Requirement:
Would you please copy all of the data exactly, skipping the images?

Data below:
......

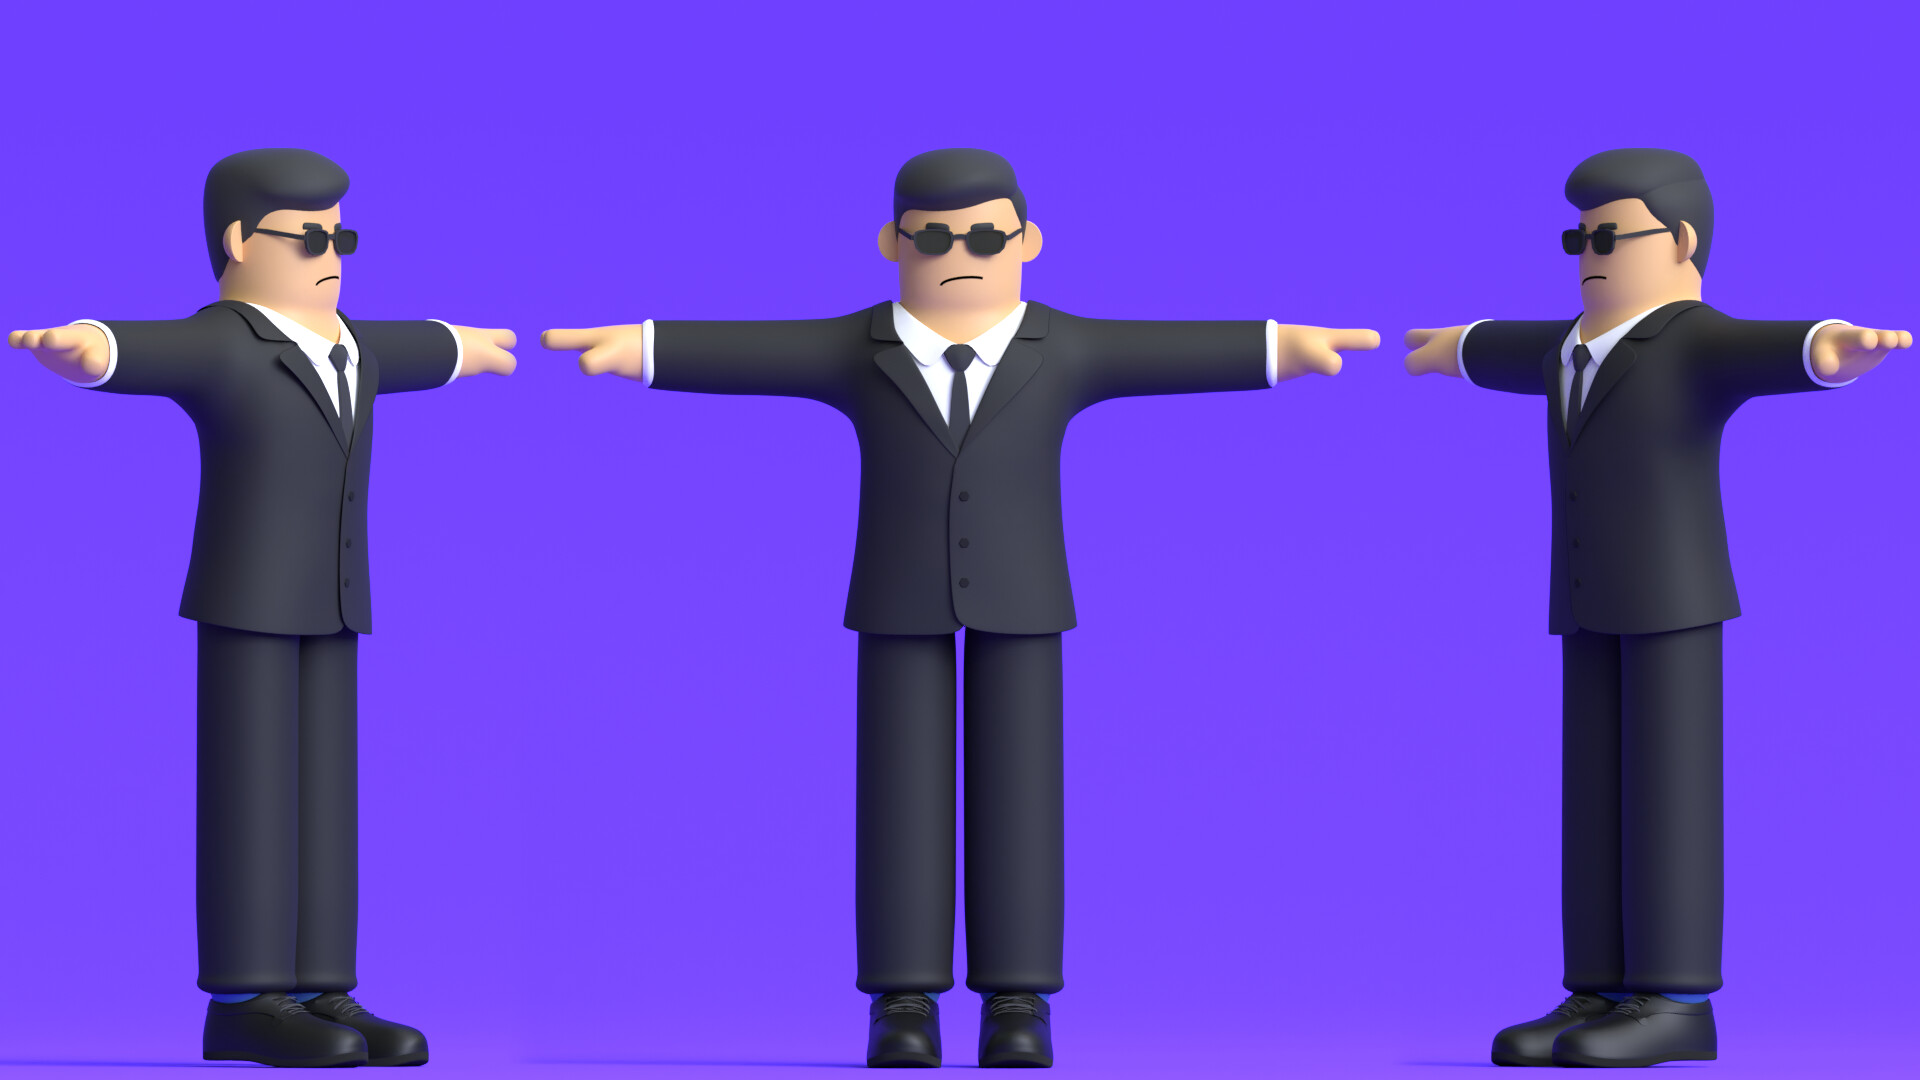 ArtStation - Minimal Bodyguard 3D Cartoon Character
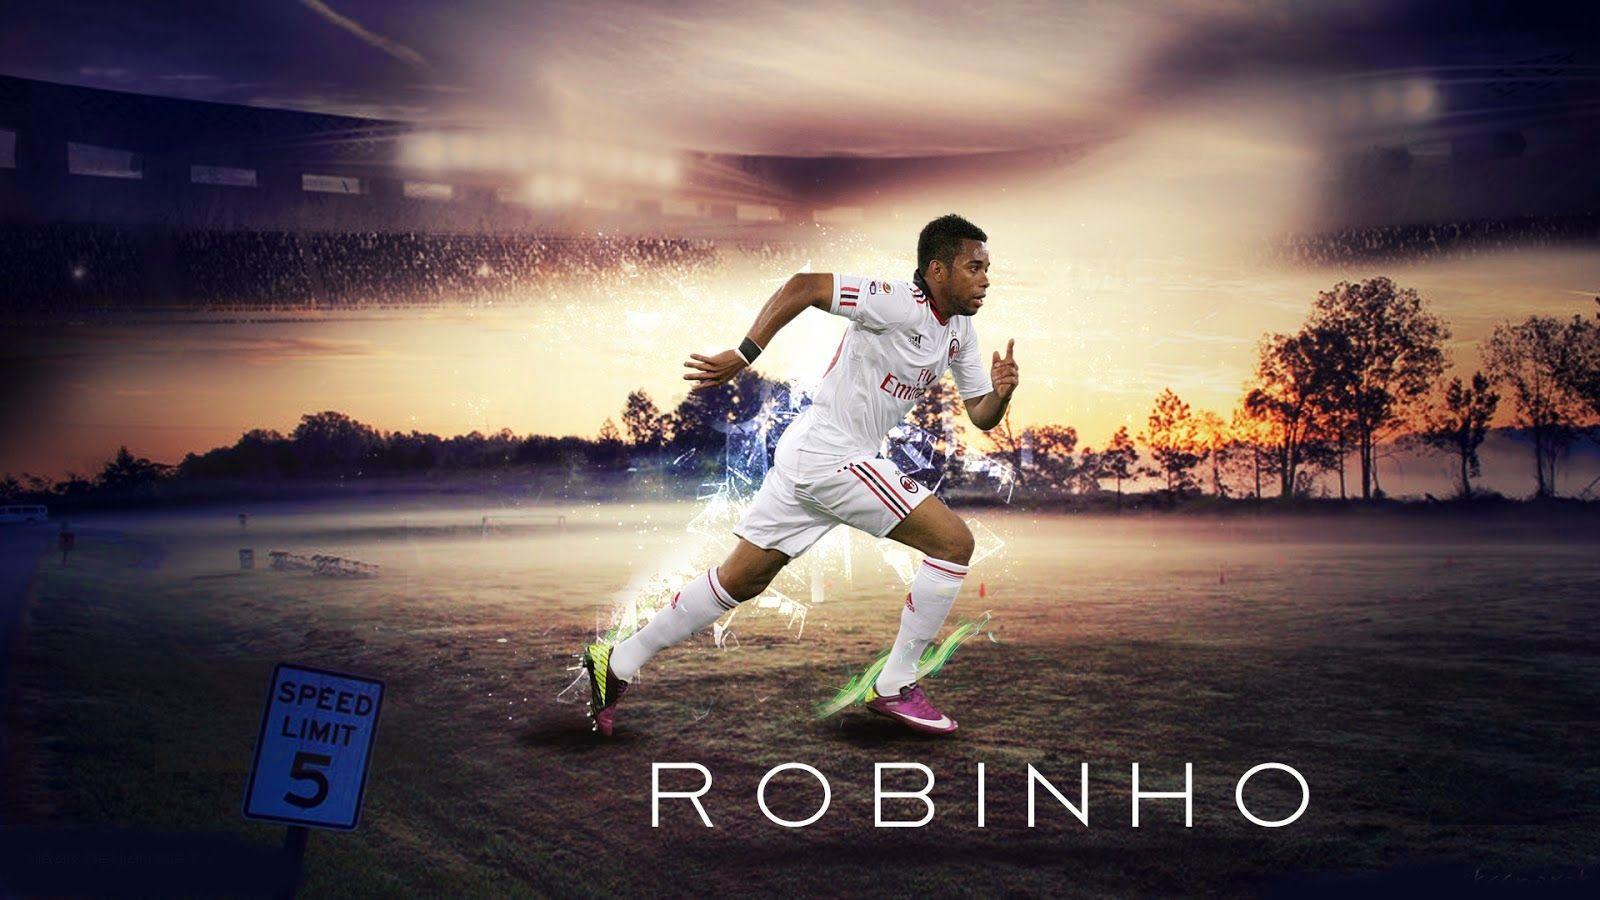 Robinho Scores First Goal Copa Do Brasil 2014 FunBie Entertainment
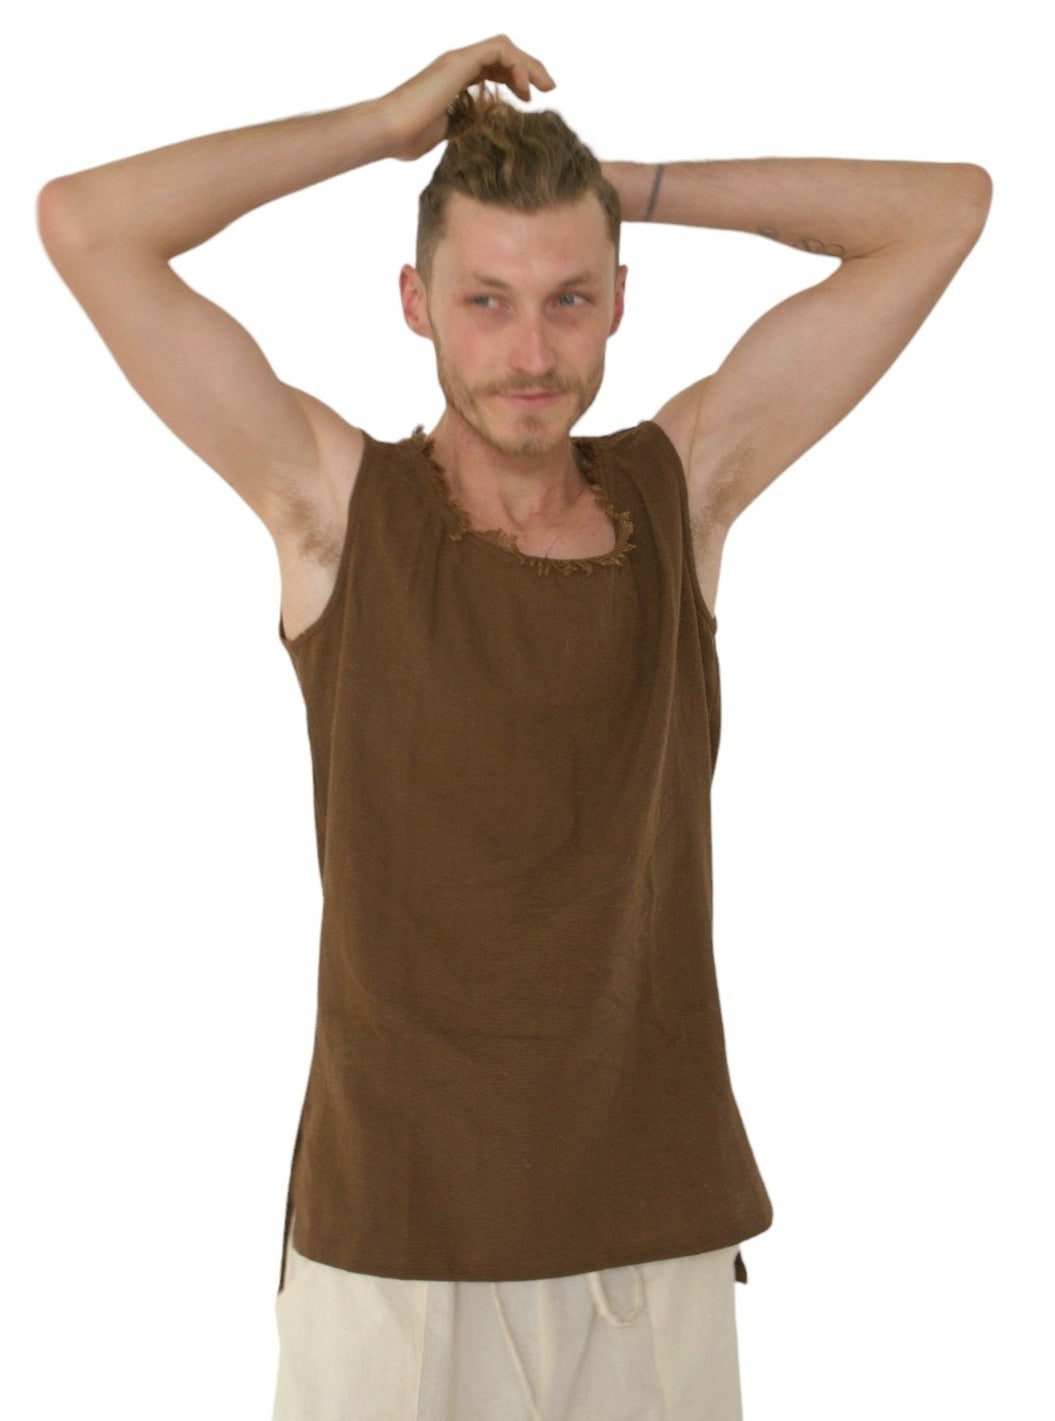 Men's Organic Cotton Sleeveless Shirt in Cacao

......

Answer section:
 ArtStation - Minimal Bodyguard 3D Cartoon Character
 Robinho Scores First Goal Copa Do Brasil 2014 FunBie Entertainment
 Men's Organic Cotton Sleeveless Shirt in Cacao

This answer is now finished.